Well, today is 'Clean Monday', the first day of the Orthodox Lent, and the beginning of the great fast always poses something of a problem for me. When I became Orthodox, I was surprised and a little shocked at the extent and severity of fasting in the Orthodox Church. As a fairly wishy-washy Anglican, fasting to me had involved not eating meat on Good Friday, perhaps giving up chocolate for Lent (a shorter period anyway in the Anglican Church) and on one occasion not smoking for the whole of Ash Wednesday: what incredible self sacrifice, the age of asceticism was not dead! Well, how was I to approach the rigours of Orthodoxy?
I have no problem with the idea of fasting which can be justified for a number of reasons. I have discussed in an earlier blog the lack of opportunity to test the strength of one’s faith in modern
Europe. This has, of course, occurred in previous eras and the Orthodox
Church has always acknowledged that asceticism is a form of martyrdom,
represented on icons by the ascetics often holding a martyr’s cross: “If any
man will come after me, let him deny himself, and take up his cross, and follow
me.” Secondly, fasting makes us conscious of our dependence on God.
Metropolitan Kallistos writes, “If practised seriously, the Lenten abstinence
from food … involves a considerable amount of real hunger and also a feeling of
tiredness and physical exhaustion. The purpose of this is to lead us in turn to
a sense of inward brokenness and contrition; to bring us, that is, to the point
where we appreciate the full force of Christ’s statement, ‘Without Me you can
do nothing’ (John 15;5).” Finally, at least a few times a year, one can feel
some affinity with the vast numbers of people who are literally starving.
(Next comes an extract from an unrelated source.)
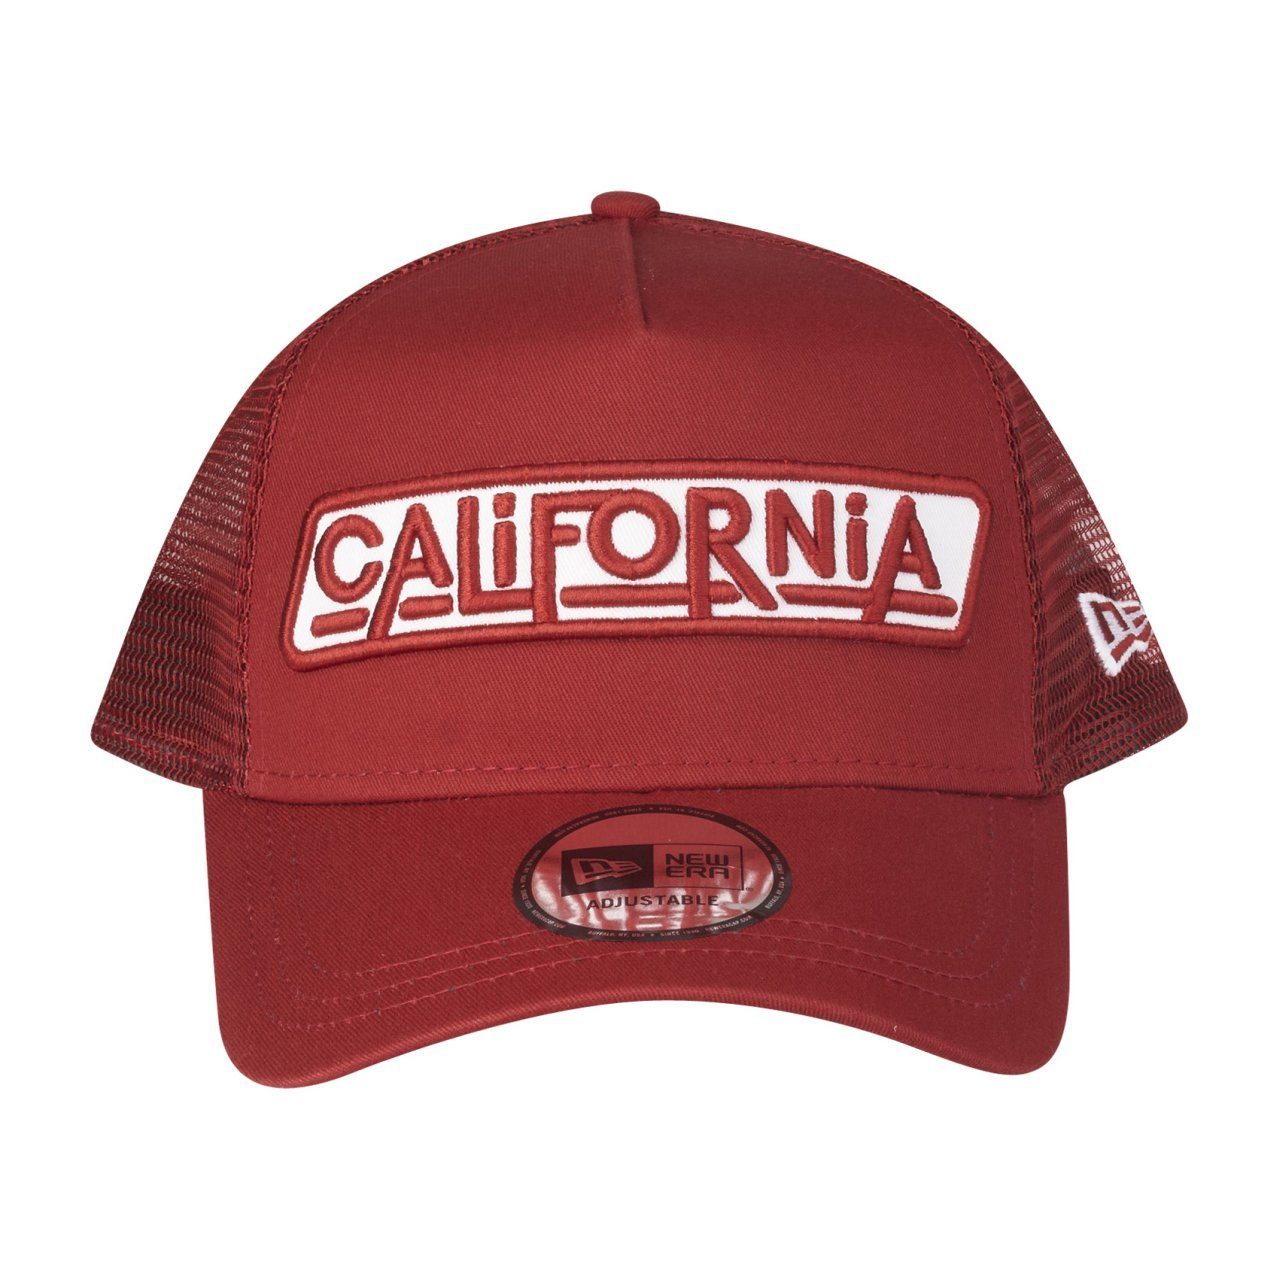 AFrame California New Trucker Trucker USA Cap Era

Fasting is not a choice for the people of Dafur!
Two other reasons for fasting are somewhat self centred but are nevertheless accepted as valid by the Orthodox Church. Firstly, abstinence actually makes the breaking of the fast more enjoyable. Food never tastes better than when one has been deprived of it for nearly two months. This brings to mind a period in my life when the children were small and we had little money. In order to have a good Christmas we often had to skimp on food for the week before. This involuntary ‘fast’ certainly enhanced our enjoyment of Christmas dinner. In
, the first thing one eats when the Great Lent Fast
ends at on Easter Saturday is the traditional soup –
mayiritsa. Since the recipe goes back centuries, it is remarkable that
scientific analysis has recently shown that the soup contains all the vitamins
and minerals that need replacing after a strict fast. Clever people these
Greeks. One final point; we hear a lot about the 'Mediterranean Diet' as being
responsible for the traditional good health and longevity of the Greeks.
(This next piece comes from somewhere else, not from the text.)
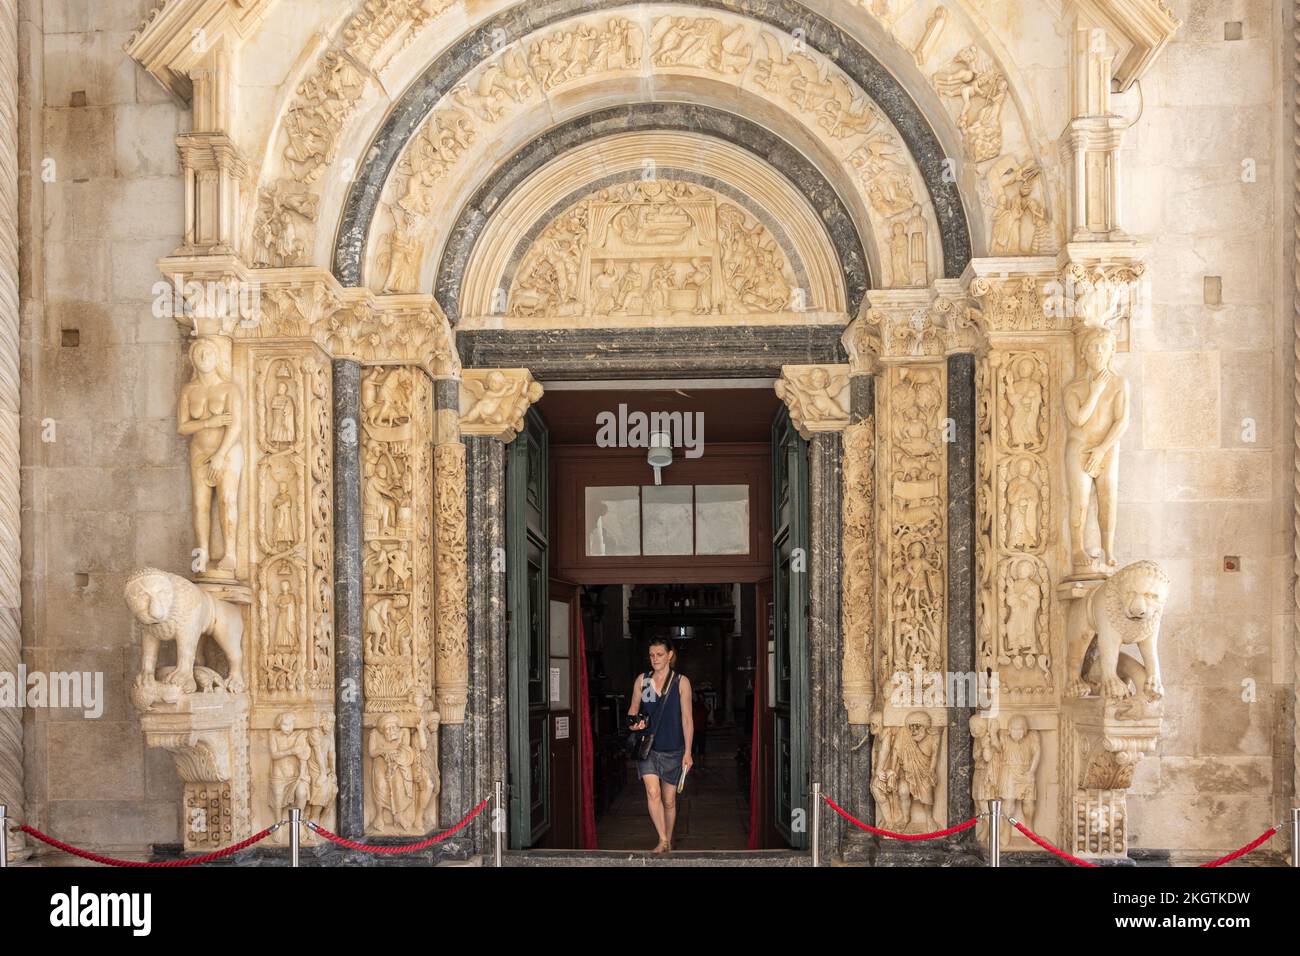 Portal von Radovan am Eingang zur Kathedrale von Trogir, Kula Sv Marka, Altstadt, Trogir, Gespanschaft Split-Dalmatien, Kroatien Stockfoto

However, there may have been another factor at work – religious observance. A
couple of thousand years before nutritionists made a fortune out of the
‘Californian diet’ and ‘detox’ diets, the Orthodox Church, with its carefully
devised calendar of strict fasts, mild fasts and feasts, laid the foundations
for an extremely healthy lifestyle! Greece
So, the theory of fasting is no problem to me; the practice, however, is a little more difficult. As a relative beginner of 65 years old, I find that the full rigour of the fast takes me beyond the ‘feelings of tiredness and discomfort’ into the realms of severe physical problems. My first attempt at the full ‘forty days’ (actually nearer fifty if one follows the rules rigorously) was brought to a premature end when I caught a severe case of flu and was instructed by the doctor to resume ‘normal’ eating. The following year, I determined to do better and actually managed to stick to a vegetarian diet. Since then, however, I've followed the example of most of the locals by following the strict rules only for the first week of Lent and Holy Week. I say “most of the locals” because I should add that it's the old ladies who put me to shame by suffering the full rigours of the fast for the whole of Lent. Not only that, they also follow the many other fasts during the year, including the first fifteen days of August, two weeks before Christmas and every Wednesday and Friday. As I said earlier, perhaps that's the key to a long and healthy life. On the other hand, among the local villagers there are wide variations in the rigour with which people fast, not to mention some ‘bending’ of the rules. For example, since the rules were laid down in Byzantine times, the proscription against ‘wine’ does not include beer, and on days when 'olive oil' is not allowed, many feel free to use vegetable oil! As for Clean Monday, this is treated as a feast day in spite of the restrictions.
So, to all my Orthodox readers, I wish a “joyful Lent” in whatever way you choose to follow it. To the non-Orthodox, just consider the potential health benefits of an occasional fast!